Somewhere below are a line with "form of white porcelain" and a later line with "Експортуйте дані в". Output exactly those lines and all lines between them.

──────── RECORDS TO USE ────────

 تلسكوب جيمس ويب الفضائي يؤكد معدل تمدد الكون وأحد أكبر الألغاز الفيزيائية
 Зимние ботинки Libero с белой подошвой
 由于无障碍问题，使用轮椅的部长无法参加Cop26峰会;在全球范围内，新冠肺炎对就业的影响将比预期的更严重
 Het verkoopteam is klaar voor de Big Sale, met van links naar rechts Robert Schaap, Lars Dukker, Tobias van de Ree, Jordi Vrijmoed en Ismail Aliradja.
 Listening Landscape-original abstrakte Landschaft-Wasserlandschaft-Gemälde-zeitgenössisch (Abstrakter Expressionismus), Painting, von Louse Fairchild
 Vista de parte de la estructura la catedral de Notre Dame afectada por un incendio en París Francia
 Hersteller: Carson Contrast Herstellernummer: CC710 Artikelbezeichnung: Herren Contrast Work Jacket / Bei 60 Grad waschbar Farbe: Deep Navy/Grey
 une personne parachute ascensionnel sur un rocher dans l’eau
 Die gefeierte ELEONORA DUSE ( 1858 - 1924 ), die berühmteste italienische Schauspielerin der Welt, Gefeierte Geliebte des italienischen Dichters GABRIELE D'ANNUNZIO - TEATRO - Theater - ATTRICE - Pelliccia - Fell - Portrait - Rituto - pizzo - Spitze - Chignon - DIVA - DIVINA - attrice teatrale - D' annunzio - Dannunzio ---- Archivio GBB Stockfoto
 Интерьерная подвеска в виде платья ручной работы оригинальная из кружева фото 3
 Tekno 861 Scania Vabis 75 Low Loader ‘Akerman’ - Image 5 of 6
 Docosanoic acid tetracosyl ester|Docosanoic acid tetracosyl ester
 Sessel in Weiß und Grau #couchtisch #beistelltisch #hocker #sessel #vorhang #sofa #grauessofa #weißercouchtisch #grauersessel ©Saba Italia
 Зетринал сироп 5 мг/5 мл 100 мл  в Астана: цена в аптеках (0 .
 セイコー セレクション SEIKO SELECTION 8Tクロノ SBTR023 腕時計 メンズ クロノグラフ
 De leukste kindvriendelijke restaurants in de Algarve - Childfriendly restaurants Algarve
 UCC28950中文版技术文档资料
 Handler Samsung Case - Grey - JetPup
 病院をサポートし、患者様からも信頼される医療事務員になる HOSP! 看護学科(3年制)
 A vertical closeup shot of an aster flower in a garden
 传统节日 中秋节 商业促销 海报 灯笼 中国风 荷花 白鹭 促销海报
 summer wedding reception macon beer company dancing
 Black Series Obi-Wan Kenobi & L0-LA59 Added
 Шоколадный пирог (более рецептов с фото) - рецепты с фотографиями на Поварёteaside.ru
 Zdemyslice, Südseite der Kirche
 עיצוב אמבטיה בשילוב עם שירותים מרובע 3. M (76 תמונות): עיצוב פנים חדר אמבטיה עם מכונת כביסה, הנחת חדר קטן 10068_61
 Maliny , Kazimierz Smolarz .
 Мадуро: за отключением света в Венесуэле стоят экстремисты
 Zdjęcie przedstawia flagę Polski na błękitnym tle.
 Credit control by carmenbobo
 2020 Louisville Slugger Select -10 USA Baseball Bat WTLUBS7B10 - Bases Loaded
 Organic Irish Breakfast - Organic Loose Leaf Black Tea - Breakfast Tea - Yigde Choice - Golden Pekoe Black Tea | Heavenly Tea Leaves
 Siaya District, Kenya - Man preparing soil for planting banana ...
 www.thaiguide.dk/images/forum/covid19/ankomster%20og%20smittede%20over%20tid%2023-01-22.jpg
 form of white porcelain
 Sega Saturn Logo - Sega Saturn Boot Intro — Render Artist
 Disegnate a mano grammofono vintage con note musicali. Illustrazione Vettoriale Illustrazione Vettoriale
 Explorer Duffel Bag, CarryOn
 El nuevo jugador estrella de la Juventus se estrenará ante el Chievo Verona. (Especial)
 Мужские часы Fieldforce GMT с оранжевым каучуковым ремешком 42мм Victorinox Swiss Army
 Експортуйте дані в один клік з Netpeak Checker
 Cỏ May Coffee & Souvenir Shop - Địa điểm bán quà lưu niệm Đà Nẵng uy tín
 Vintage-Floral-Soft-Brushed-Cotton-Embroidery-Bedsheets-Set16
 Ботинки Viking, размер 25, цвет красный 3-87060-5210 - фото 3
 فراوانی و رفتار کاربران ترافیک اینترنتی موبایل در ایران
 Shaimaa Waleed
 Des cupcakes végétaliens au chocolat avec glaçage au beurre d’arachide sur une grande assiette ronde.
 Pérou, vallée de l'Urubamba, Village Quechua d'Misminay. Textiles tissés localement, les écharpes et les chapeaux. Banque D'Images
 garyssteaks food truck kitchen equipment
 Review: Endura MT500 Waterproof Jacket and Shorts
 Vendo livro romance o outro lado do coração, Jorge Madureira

────────

### ANSWER
 form of white porcelain
 Sega Saturn Logo - Sega Saturn Boot Intro — Render Artist
 Disegnate a mano grammofono vintage con note musicali. Illustrazione Vettoriale Illustrazione Vettoriale
 Explorer Duffel Bag, CarryOn
 El nuevo jugador estrella de la Juventus se estrenará ante el Chievo Verona. (Especial)
 Мужские часы Fieldforce GMT с оранжевым каучуковым ремешком 42мм Victorinox Swiss Army
 Експортуйте дані в один клік з Netpeak Checker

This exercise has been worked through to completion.